# Running multiple instances of BIND



## obamatronic (Nov 14, 2012)

I have just completed an ISC BIND class and would like to set up a test environment using one virtual machine.

I would like this virtual machine to run multiple instances of 'named' on different IP addresses.

FreeBSD will run 'named' in a chroot'd environment.

Do I just need to copy the existing named script it /etc/rc.d to another file called named1 and edit some of the entries?

If so, can anyone advise on what entries to edit?  I want both instances to use their own named.conf file.  Each named.conf file will have a unique name and directory.

Also, do I need to do something with the pid file location?  (I'm still learning FreeBSD...).


----------



## SirDice (Nov 14, 2012)

obamatronic said:
			
		

> Do I just need to copy the existing named script it /etc/rc.d to another file called named1 and edit some of the entries?
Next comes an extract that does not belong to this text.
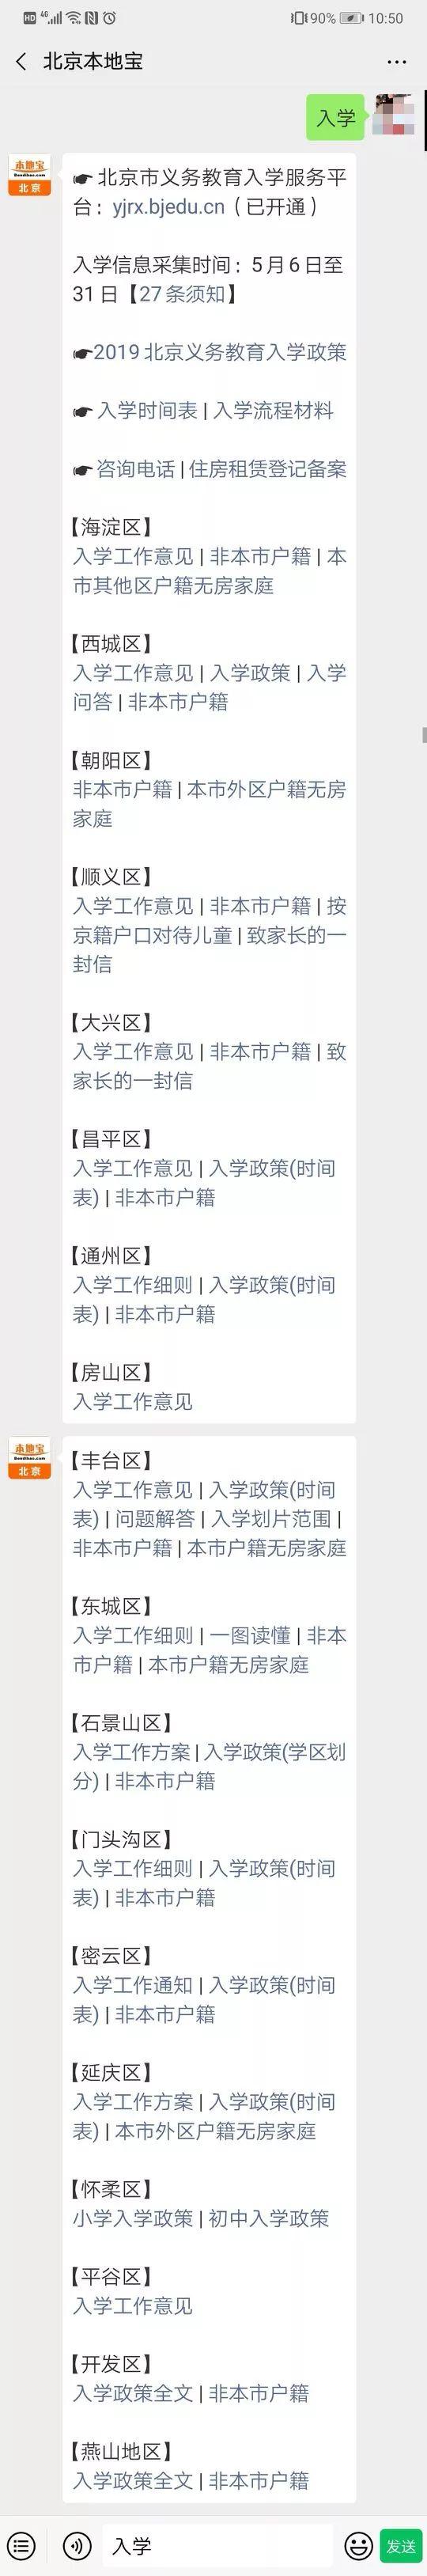 2019年西城区小学学区划分(入学划片)一览表

Never done this, never had the need, but this is how I would have done it.



> If so, can anyone advise on what entries to edit?  I want both instances to use their own named.conf file.  Each named.conf file will have a unique name and directory.


Probably all of them.



> Also, do I need to do something with the pid file location?


Yes, you need to make sure both instances use their own pid file. You don't want one overwriting the pid of the other.


----------



## usdmatt (Nov 14, 2012)

Named chroot's itself to /var/named when it starts. That path is a mirror or the root directory containing just the directories and files required to run named.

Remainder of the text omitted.